* _Instructions for the task_: Write out the listing below without alteration, omitting its pictures.

* _Information shown_:
Segment Open

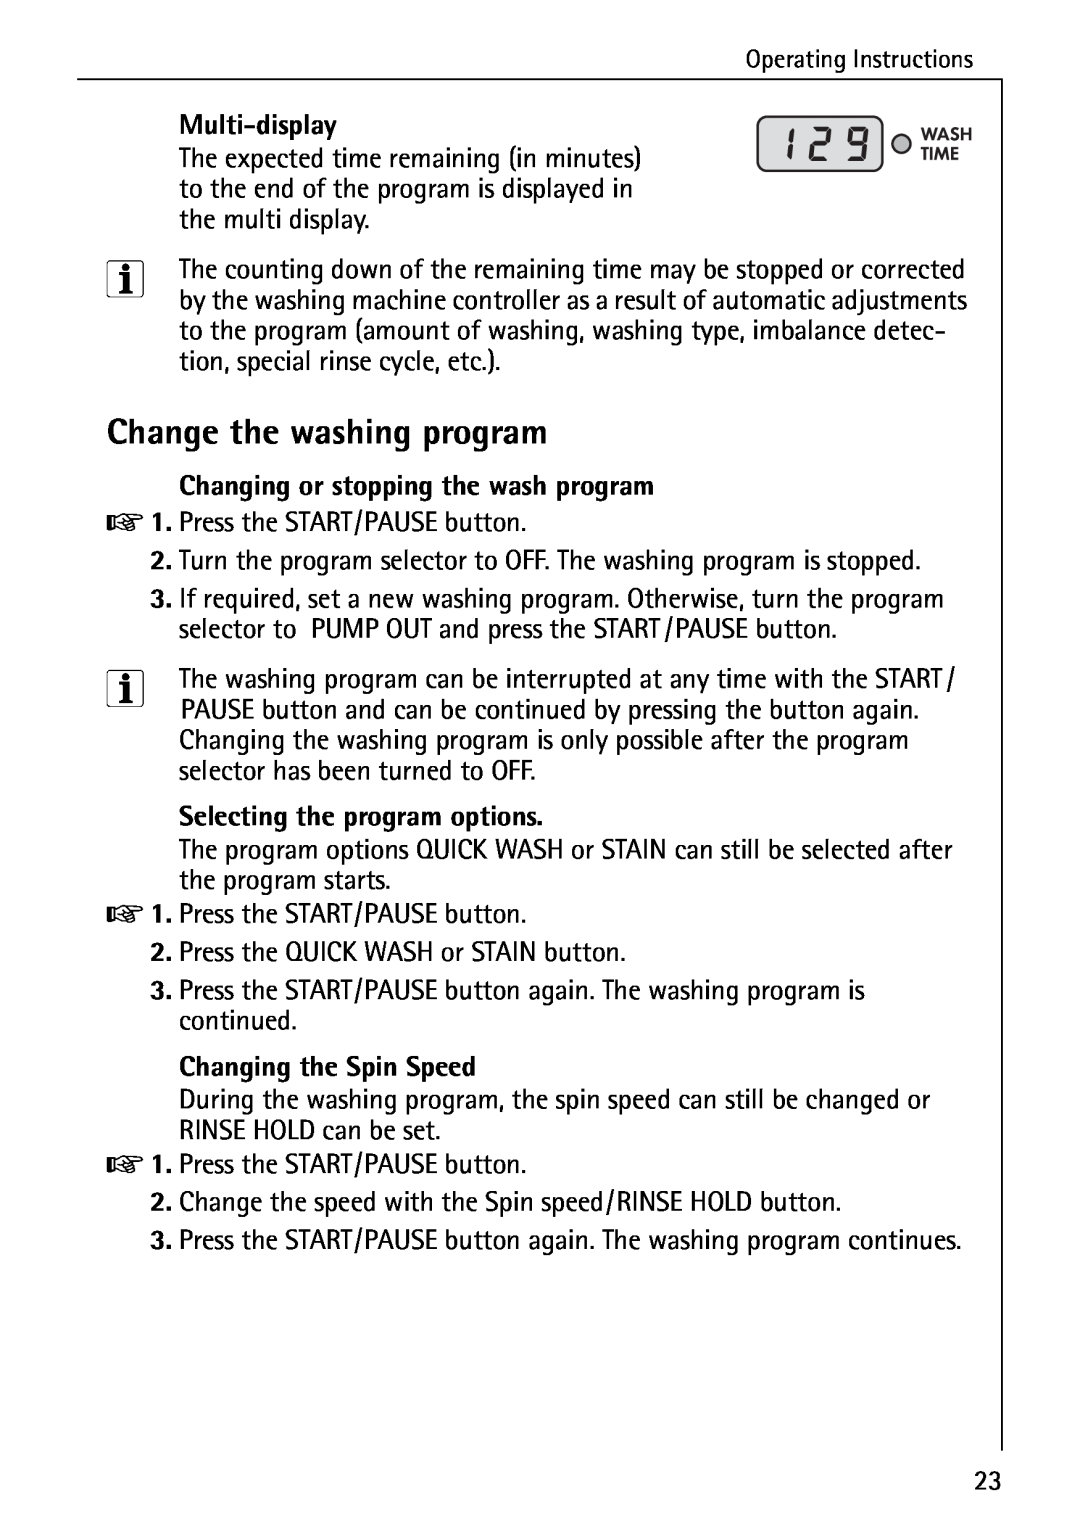 Electrolux 76639 Change the washing program, Multi-display, Changing or stopping the wash program, Changing the Spin Speed 
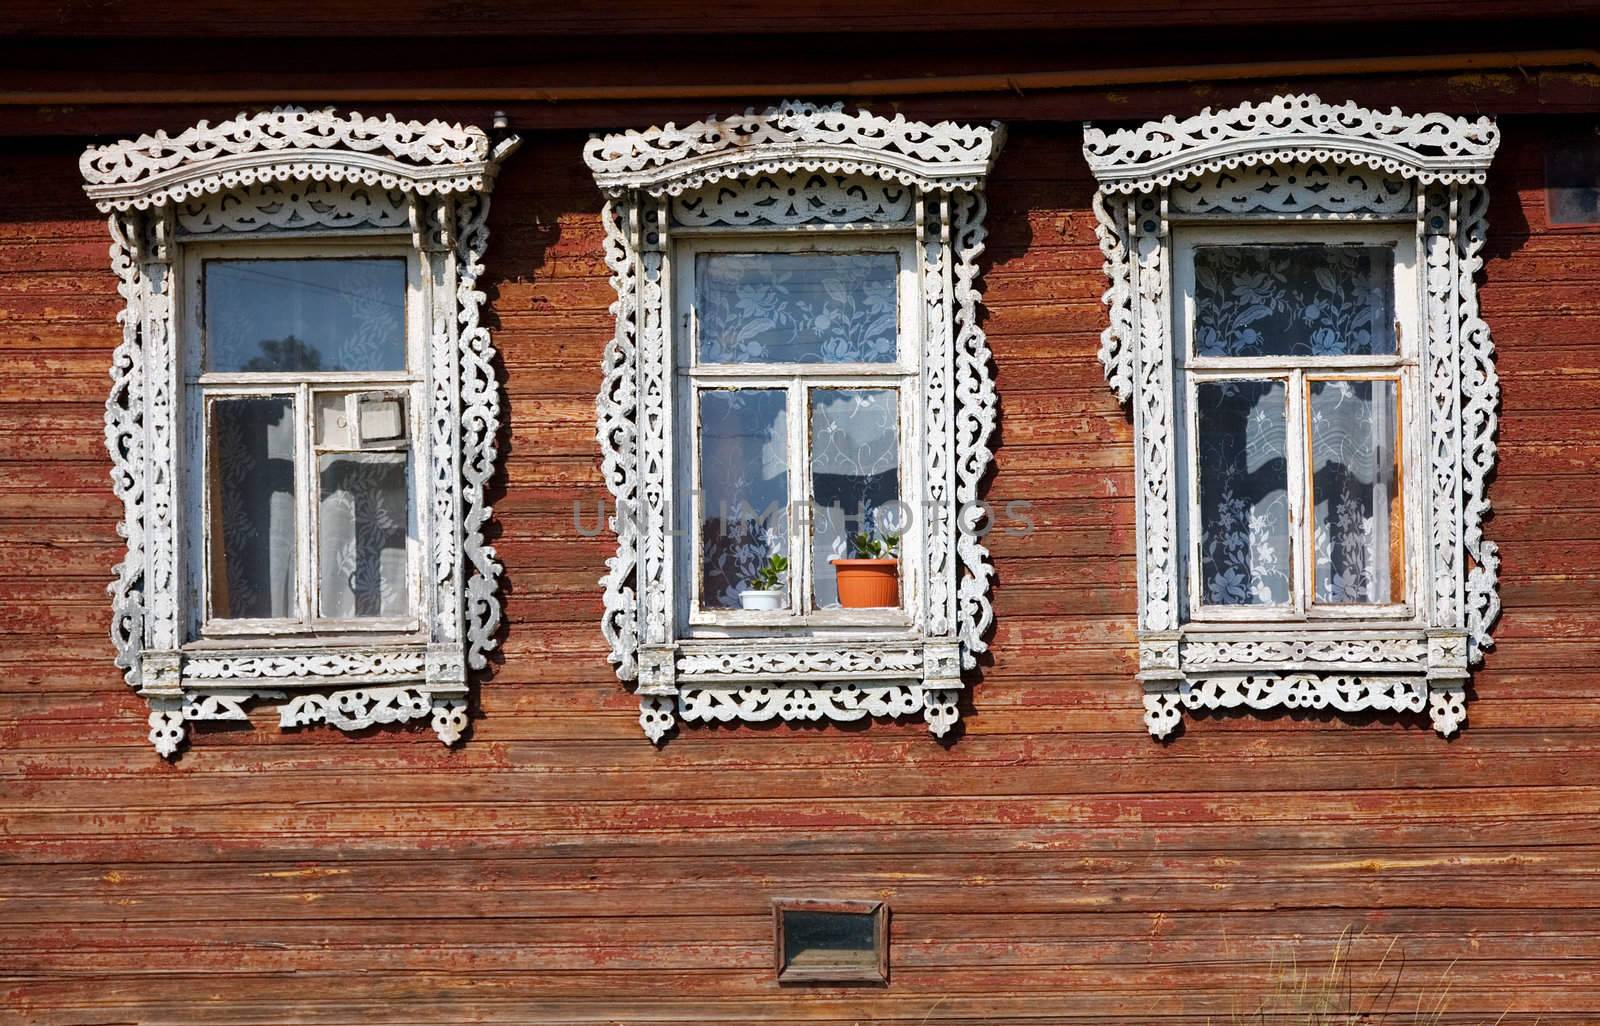 Three windows from old wooden rural wall
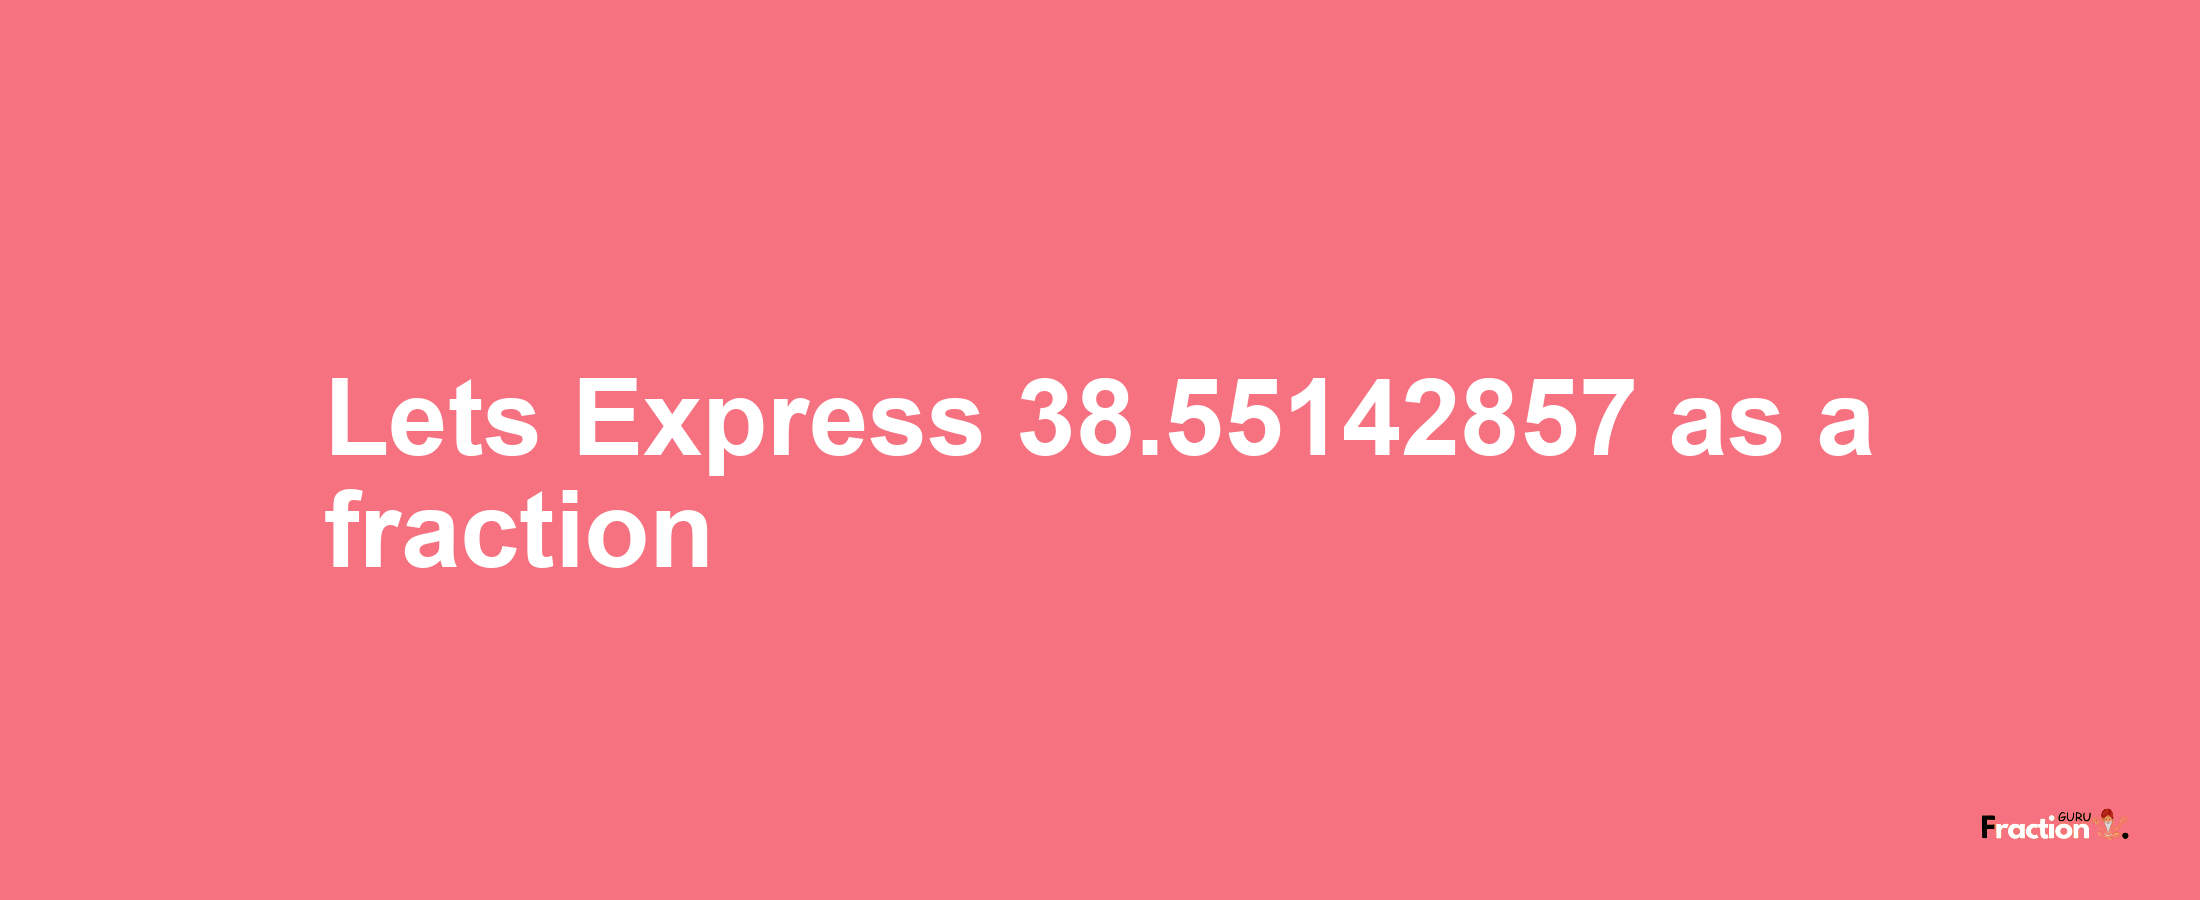 Lets Express 38.55142857 as afraction

Segment Closed

* _Task solution_:
 Electrolux 76639 Change the washing program, Multi-display, Changing or stopping the wash program, Changing the Spin Speed 
 Three windows from old wooden rural wall
 Lets Express 38.55142857 as afraction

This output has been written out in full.